Now that Paul Feig's reworking of the 1984 hit is finally on the big screen, it's actually disappointing to say the new film is far more enjoyable than the unbearable Ghostbusters 2 (you know a movie sucks when its sole virtue is a Bobby Brown song) or that terrible cover that Fall Out Boy made of Ray Parker Jr.'s original theme song.

Ghostbusters

78 Cast: Melissa McCarthy, Kristen Wiig, Kate McKinnon, Leslie Jones, Chris Hemsworth, Neil Casey, Cecily Strong, Andy Garcia, Charles Dance, Ed Begley Jr.

Director: Paul Feig

Rating: PG-13, for supernatural action and some crude humor

Running Time: 116 minutes

Feig's last few films, like Spy and Bridesmaids, have impressively balanced gross-out humor and compassion for his sometimes troubled characters. With the former, Feig also demonstrated an eye for staging action scenes that made his movies look far more expensive than they actually were.

With his new take on Ghostbusters, Feig and just about everything else in the film seem subdued by special effects that are both cluttered and obligatory. Feig's comedies have tended to be character driven, and that's hard to set up when viewers are expecting legions of ghosts to not be afraid of.

To their credit, Feig and co-screenwriter Katie Dippold drop lots of little nods to Dan Aykroyd and the late Harold Ramis' original tale, but for the most part act as if the previous film and Parker's catchy question never happened.
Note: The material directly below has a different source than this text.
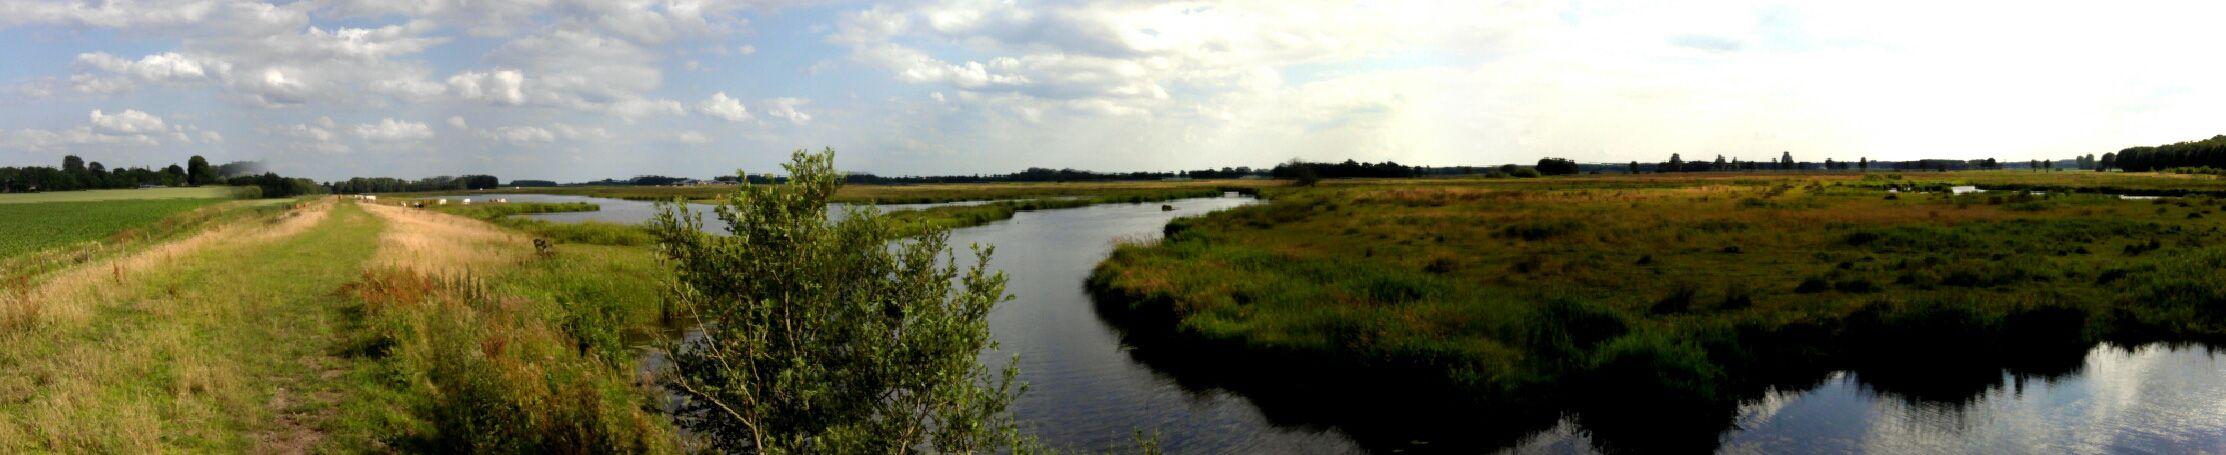 voetzoekers-annermoeras-panorama
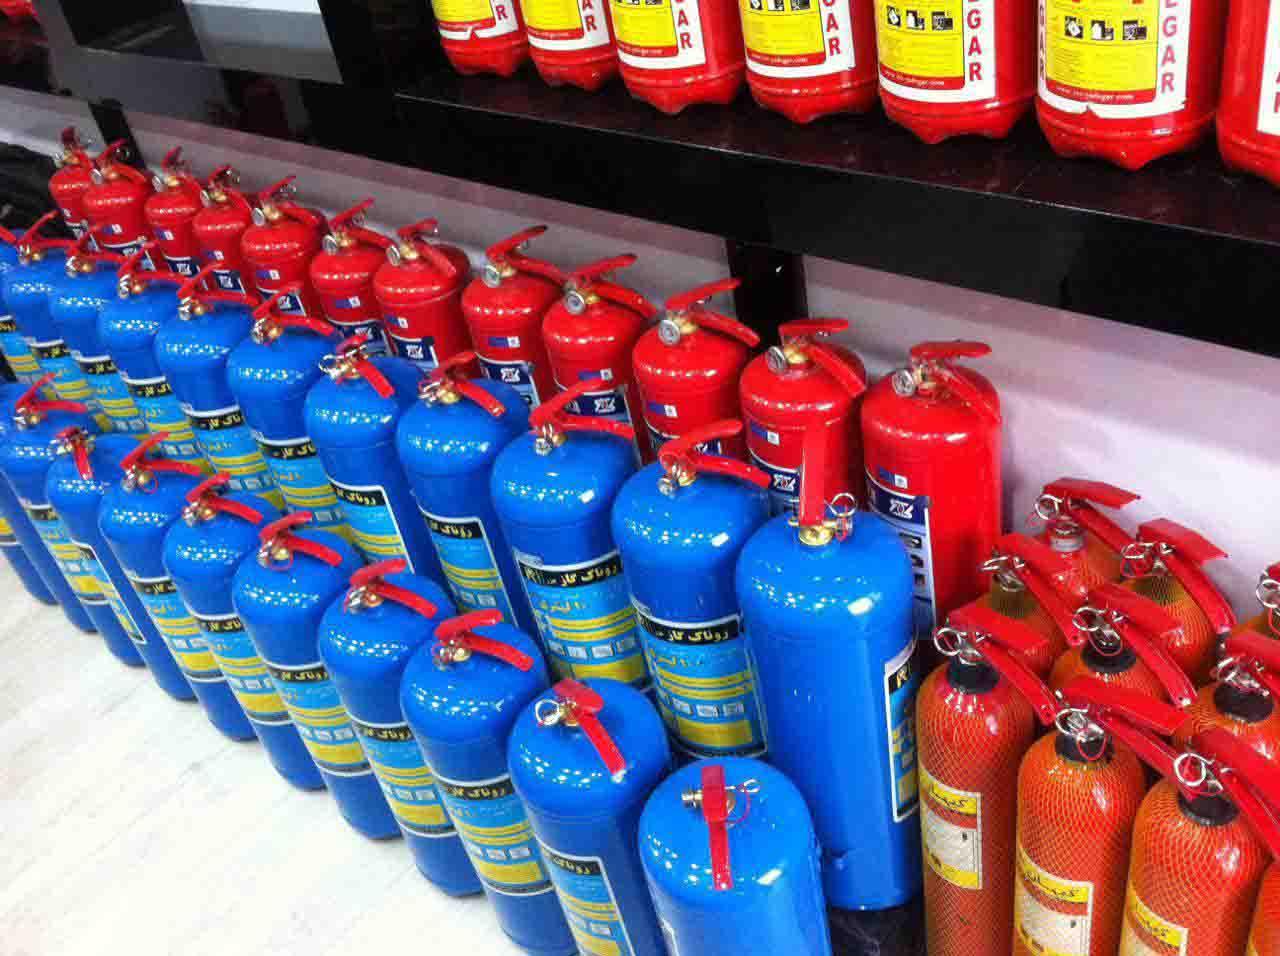 شارژ و فروش کپسول آتش نشانی زیر نظر مستقیم اتحادیه

In this version Kristen Wiig plays Erin Gilbert, a Columbia University physics professor who's on the verge of getting tenure. Because her career is on the line, she hopes that the world will forget an obscure book she wrote with her childhood pal Abby Yates (Melissa McCarthy) about the paranormal. The two former friends wind up reuniting when they discover the phenomena they explored but couldn't prove in print are now happening all over New York.

Joined by wisecracking gadget guru Jillian Holtzmann (Kate McKinnon) and Patty Tolan (Leslie Jones), a transit employee whose brain has a built-in Google Maps, the new Ghostbusters develop ways to combat and trap malevolent spirits despite the fact that the city and the media discount their existence. With limited resources, they have to settle for hiring the male equivalent of window dressing. Kevin (Chris Hemsworth) can't take a message to save his life and is a fountain of bad ideas.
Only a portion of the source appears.